The Shidduch Crisis seems akin to the Climate Change Crisis, both are ignoring that Hashem is in charge, and the solution to both is to radically change our way of lives to the detriment of us an our children, guaranteed in the latter and likely in the former.
Right. That’s not what gedolim like reb chaim said. But you know better.
Really, whatvexactly did Reb Chaim say?
In the 1800’s the Russian Czar caused many boys in their 30’s to never be able to marry, they were “chapped” and called the Cantonists, and they were never given a fair chance because nobody would think of taking them for their daughters and so they lived out their lives alone. Many claim that they know which Rebbe or Tzadik tore the Heavens to cancel this gezeirah back then, we don’t know, but we for sure know that all of the tzaddikim in the 1800’s would cry and pray that at least the next generation of boys should be spared.

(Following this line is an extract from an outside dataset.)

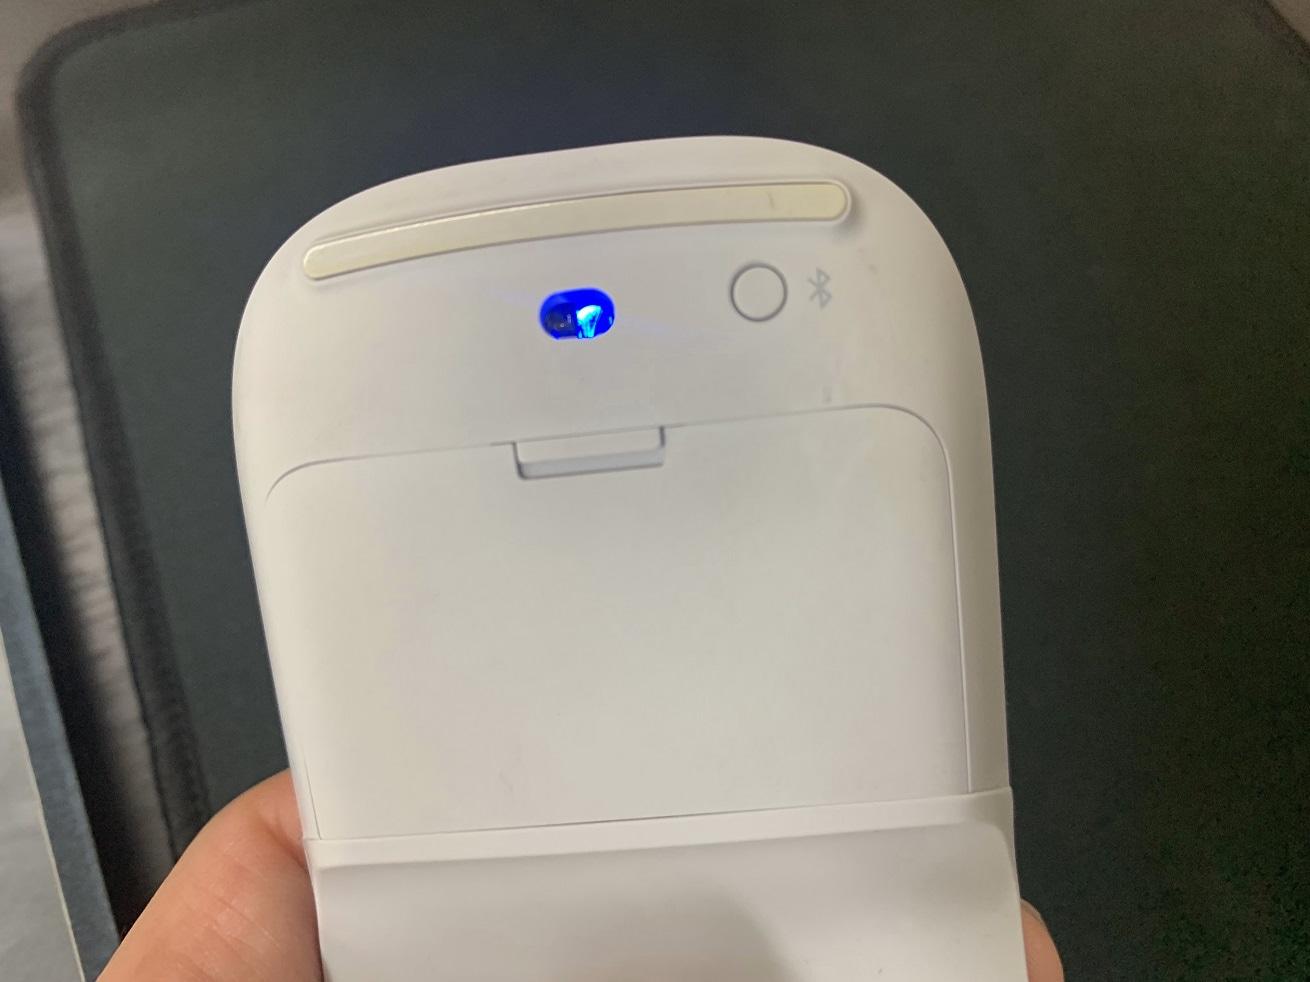 Microsoft Surface Arc Mouse裏側青色LED点灯で電源ON状態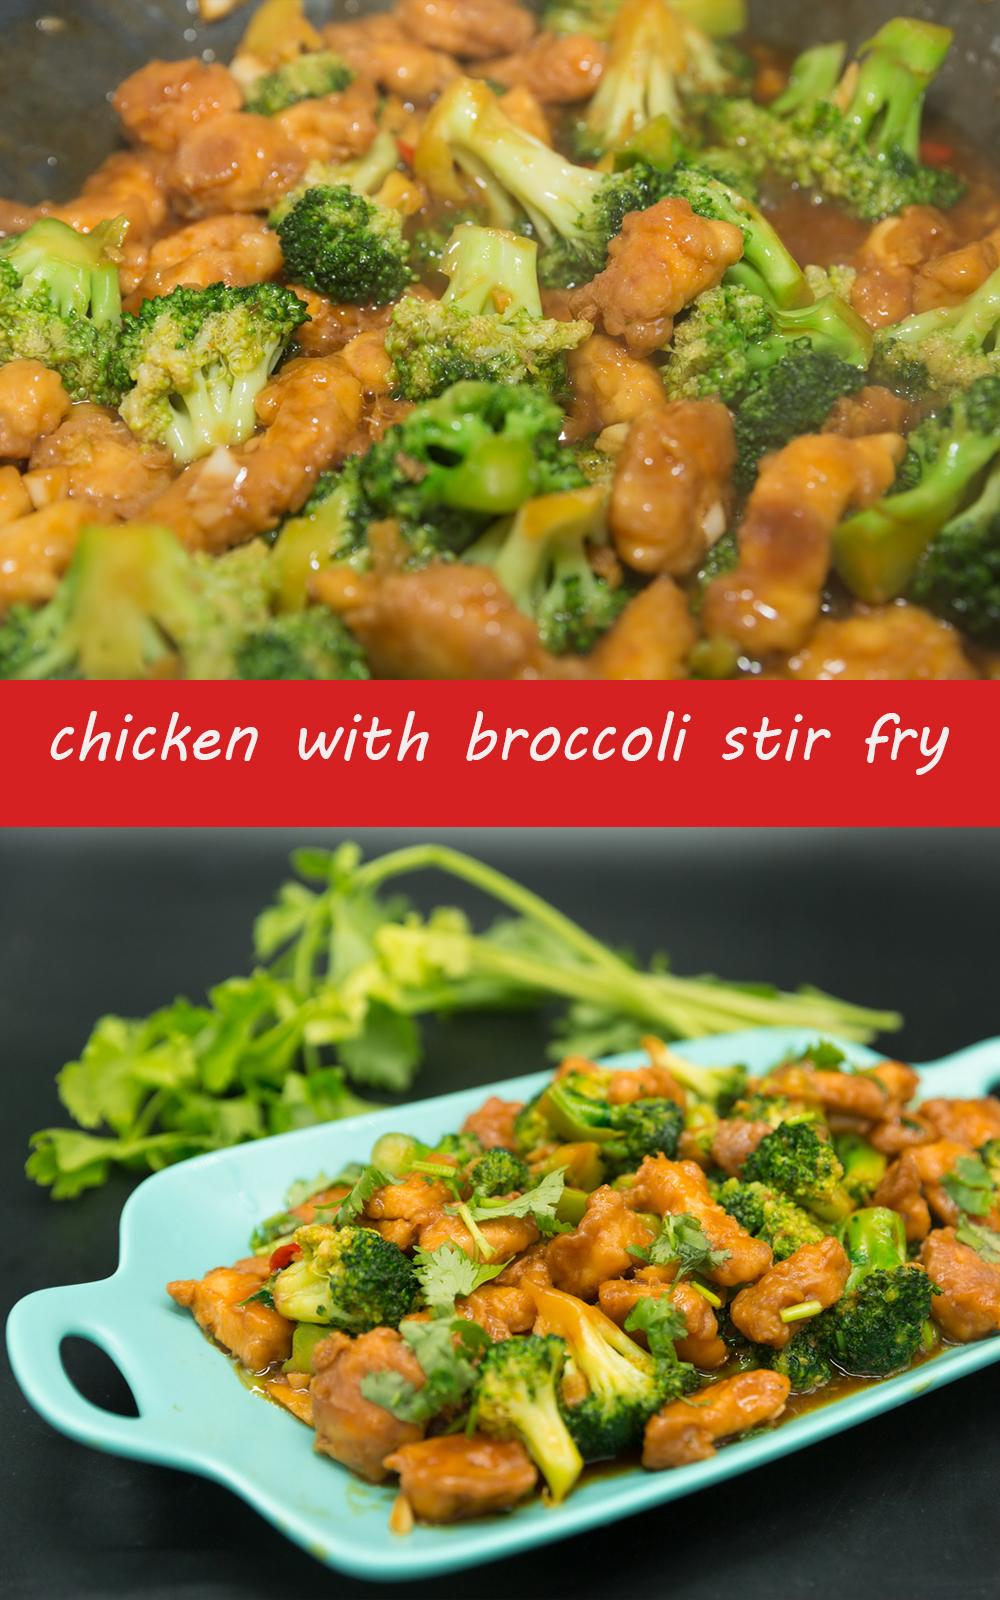 chicken with broccoli stir fry recipes

Today there are many girls at the same age of 30 who were also never given a fair chance, they were not “chapped” just the opposite they were excluded for this reason or another, and today there simply are not enough boys for them. Unfortunately the situation is being perpetuated to the next generation, where the prospects for a 15 yr old girl of today are not much better then for those who are already at 30. The way the system works the numbers are just not there. Because the numbers are not parallel.
Finally people are screaming to pull the emergency brake.
And every bit helps. To date at 22 instead of 23 is a help. To come back from Eretz Yisroel even one zman earlier helps. To avoid the sub-zero helps.
Hopefully the trend can be reversed, and at least on the communal level this scorn can be eradicated from us. May the Ribbono Shel Olam help each and every individual boy and girl. And may we see the final Yeshua and Nechama soon in Yerushalayim.